In the book "Topology from the Differential Viewpoint" (Milnor) he proves on page 11 the following lemma:
If $f: M\to N$ is a smooth map between manifolds of dimension $m\geq n$ and if $y\in N$ is a regular value, then the set $f^{-1}(y) \subset M$ is a smooth manifold of dimension $m-n$.
I've some trouble with the very last step.
Proof: Let $x\in f^{-1}(y)$. Since $y$ is a regular value, the derivative $df_x$ must map $TM_x$ onto $TN_y$. The null space $R \subset TM_x$ of $df_x$ will therefore be an $(m-n)$-dimensional vector space.
If $M\subset \mathbb{R}^k$, choose a linear map $L : \mathbb{R}^k \to \mathbb{R}^{m-n}$ that is nonsingular on this subspace $R\subset TM_x \subset \mathbb{R}^k$. Now define
$$F: M \to N\times\mathbb{R}^{m-n}$$
by $F(\xi) = (f(\xi), L(\xi))$. The derivative $dF_x$ is clearly given by the formula $dF_x(v) = (df_x(v), L(v))$. Thus $dF_x$ is nonsingular. Hence $F$ maps some neighborhood $U$ of $x$ diffeomorpically onto a neighborhood $V$ of $(y, L(x))$.Note that $f^{-1}(y)$ corresponds, under $F$, to the hyperplane $y\times \mathbb{R}^{m-n}$.

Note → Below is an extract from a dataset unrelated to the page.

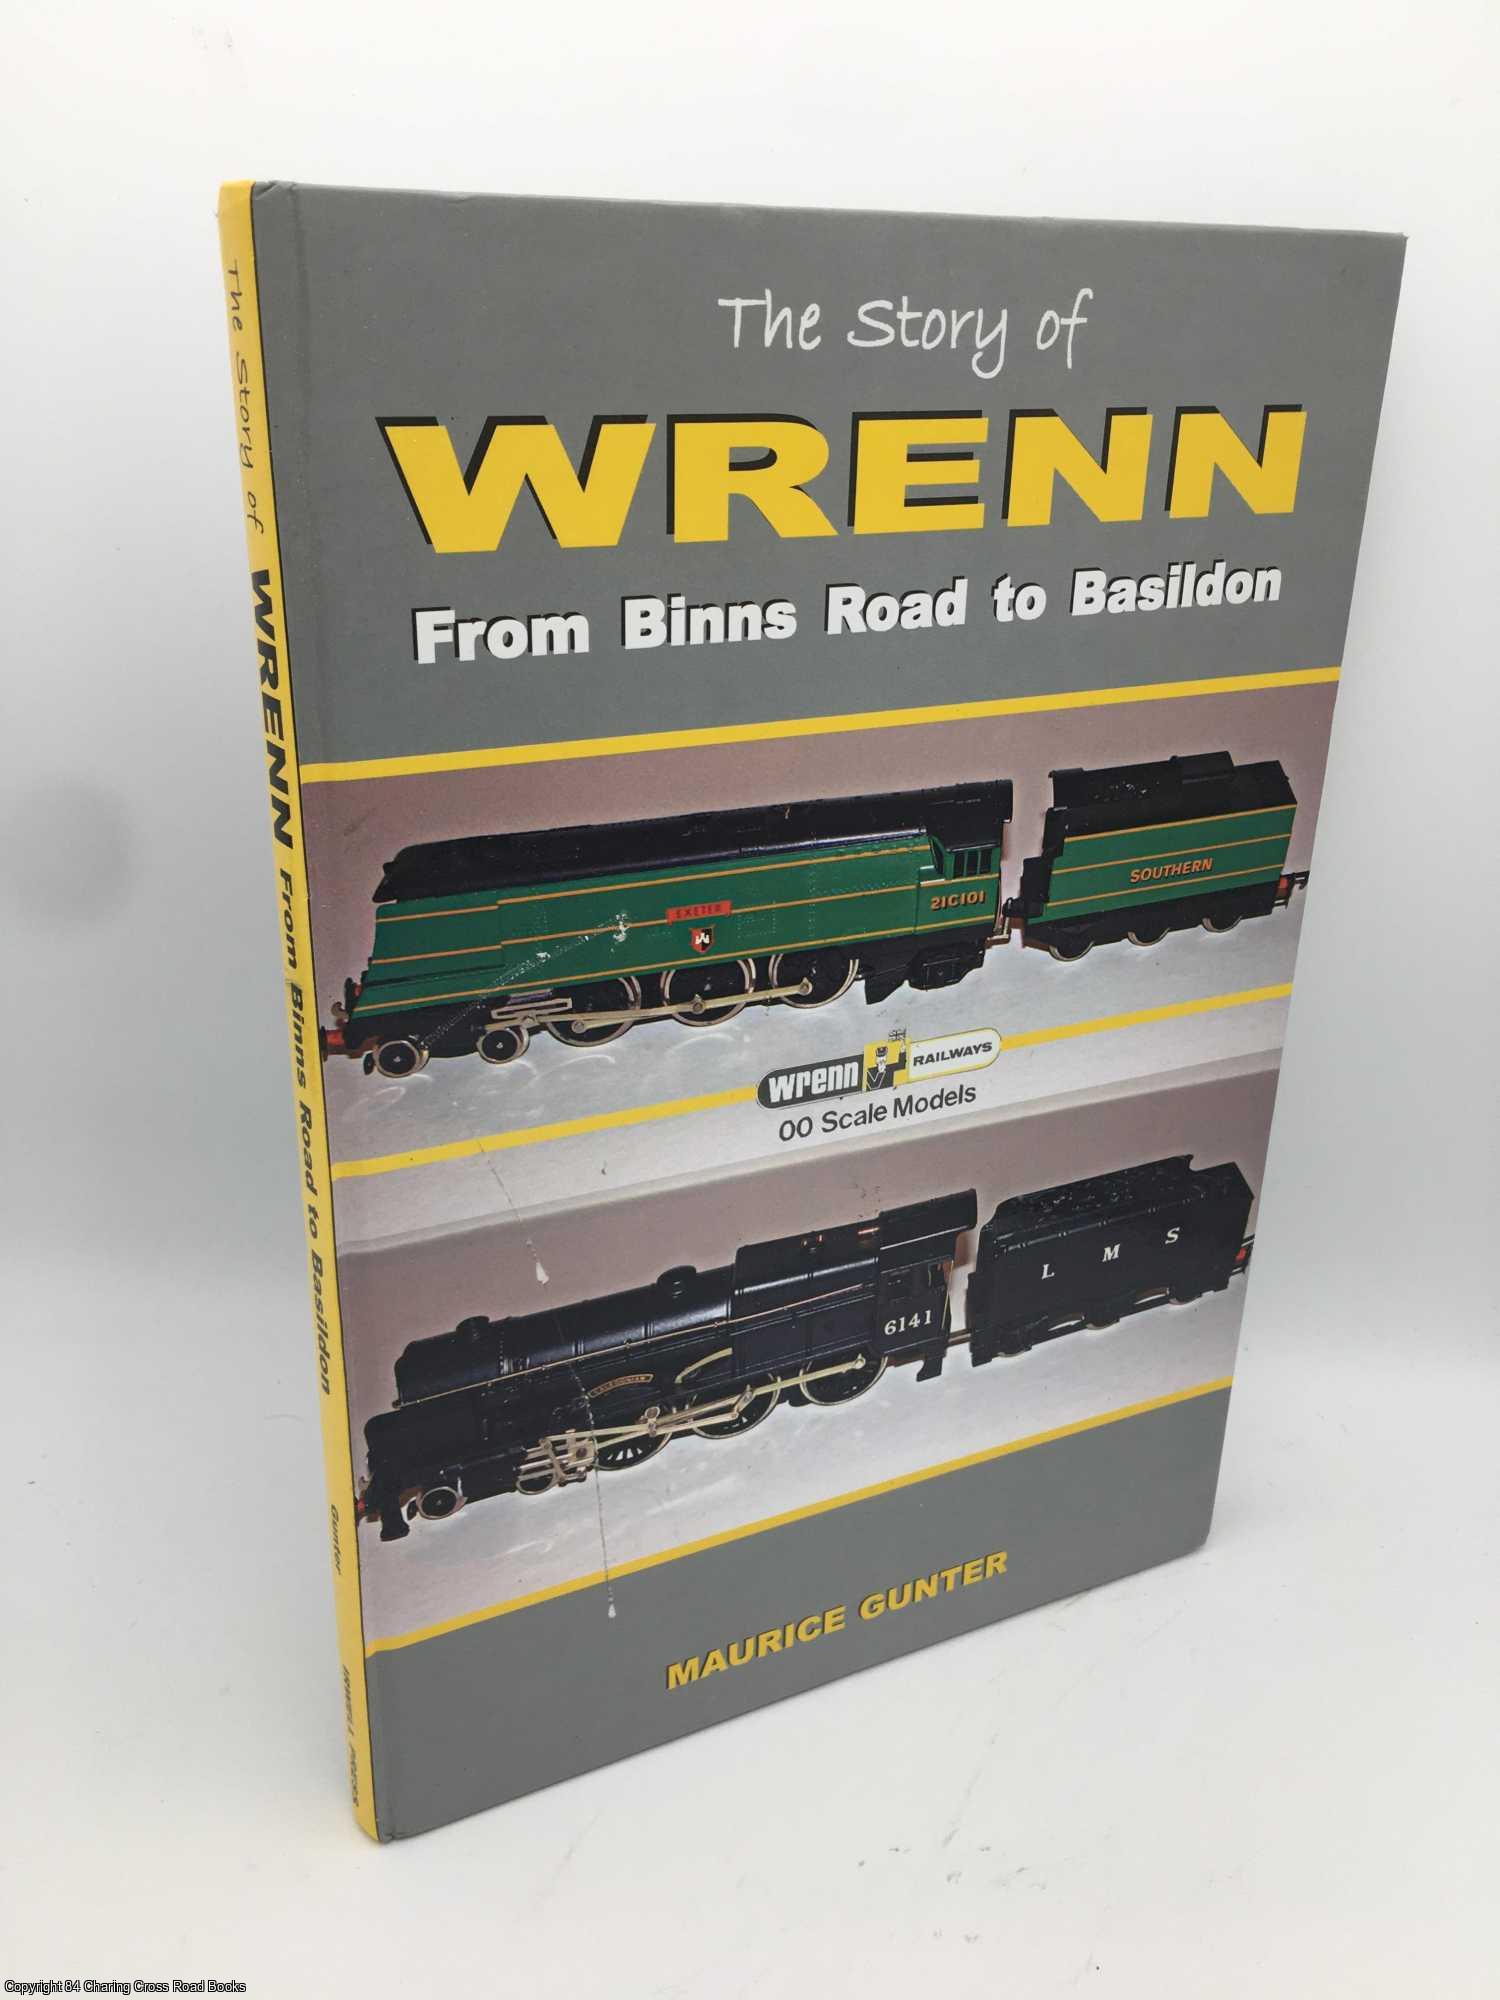 Maurice, Gunter - The Story of Wrenn: From Binns Road to Basildon

In fact $F$ maps $f^{-1}(y)\cap U$ diffeomorphically onto $(y\times\mathbb{R}^{m-n})\cap V$. This proves that $f^{-1}(y)$ is a smooth manifold of dimension $m-n$.
If $F$ maps $f^{-1}(y)\cap U$ diffeomorphically onto a an open subset of $\mathbb{R}^p$ it is clear, that $f^{-1}$ is an manifold of dimension $p$. But why $y\times \mathbb{R}^{m-n}$ is of dimension $m-n$? $y$ has dimension $n$ and $\mathbb{R}^{m-n}$ has dimension $m-n$, so the manifold should have dimenson $n$?!
And, a little idea: That $(y\times\mathbb{R}^{m-n})\cap V$ is open subset, because $F$ maps open subsets onto open subsets (because $F$ continuous)?
Best Answer
Note that $y$ is a point in the manifold $N$, although $N$ has dimension $n$, $\{y\}$ has dimension zero, so $\operatorname{dim}\, (\{y\}\times\mathbb{R}^{m-n}) = \dim\, \{y\} + \dim\mathbb{R}^{m-n} = 0 + m - n = m-n$.